Pts with pT1-2N0-1 ER+/PgR±/HER2- ILC diagnosis from 2017 to 2021 and with EPclin or ODx data were reviewed (cohort 1 and 2, respectively). In each cohort, pts were classified in high vs low risk groups and clinicopathological features, percent of high risk pts and prescribed CT were analyzed. High risk defined as: EPClin score ≥3.3; ODx recurrence score ≥26 if >50y and ≥21 if ≤50y. In cohort 1, the likelihood of ODx high risk was calculated (https://utgsm.shinyapps.io/OncotypeDXCalculator/).

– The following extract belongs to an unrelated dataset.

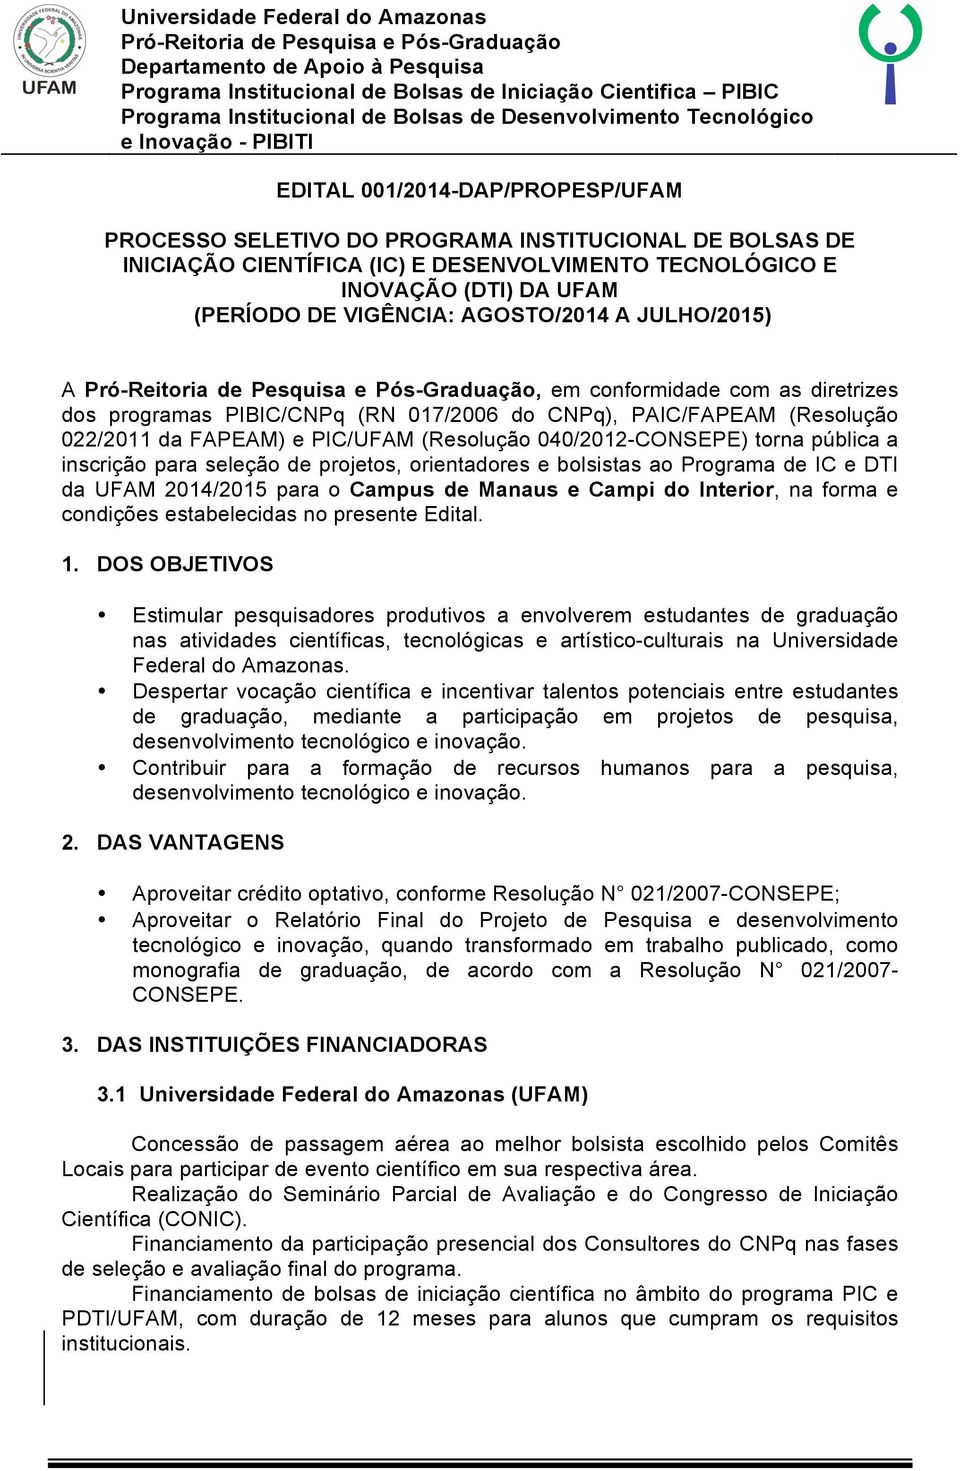 pública a inscrição para seleção de projetos, orientadores e bolsistas ao Programa de IC e DTI da UFAM 2014/2015 para o Campus de Manaus e Campi do Interior, na forma e condições estabelecidas no

Risk groups by ODx and by Endopredict (molecular part of EPclin assay, High risk ≥5) were correlated with Ki67, as both are based only in genomic results, while EPclin score also takes pT and pN into account.

Results

46 pts eligible. Median age: 61y; pre-menopausal: 33; EPClin 25, ODx 21; with no differences in pathological features between cohorts. Proportion of high risk pts and CT indication were both 48% with EPClin and 9.5% and 19% with ODx, respectively. In cohort 1, the calculated probability of an ODx high risk result was 4% for EPclin low risk and 5% for EPclin high risk pts. Risk groups defined by Endopredict correlated with median Ki67 (low risk 3% vs high risk 11%. P=.05), while no association with ODx was seen (low risk 8% vs high risk 13%).

Conclusions

In our ILC pts the EPclin use correlated with a greater proportion of high risk pts compared to ODx, consistently with prior non-comparative studies. Albeit findings are limited for the type of analysis (2 separate small size cohorts), the similarity in clinic-pathologic features among cohorts and the disparity between the EPClin risk groups and those predicted by the ODx calculator support a distinct performance of both GS in ILC. Interestingly, Ki67 values were associated with Endopredict score but not with ODx categories, suggesting that EPclin captures better the ILC underlying biology.

Legal entity responsible for the study

The authors.

Funding

Has not received any funding.

Disclosure

All authors have declared no conflicts of interest.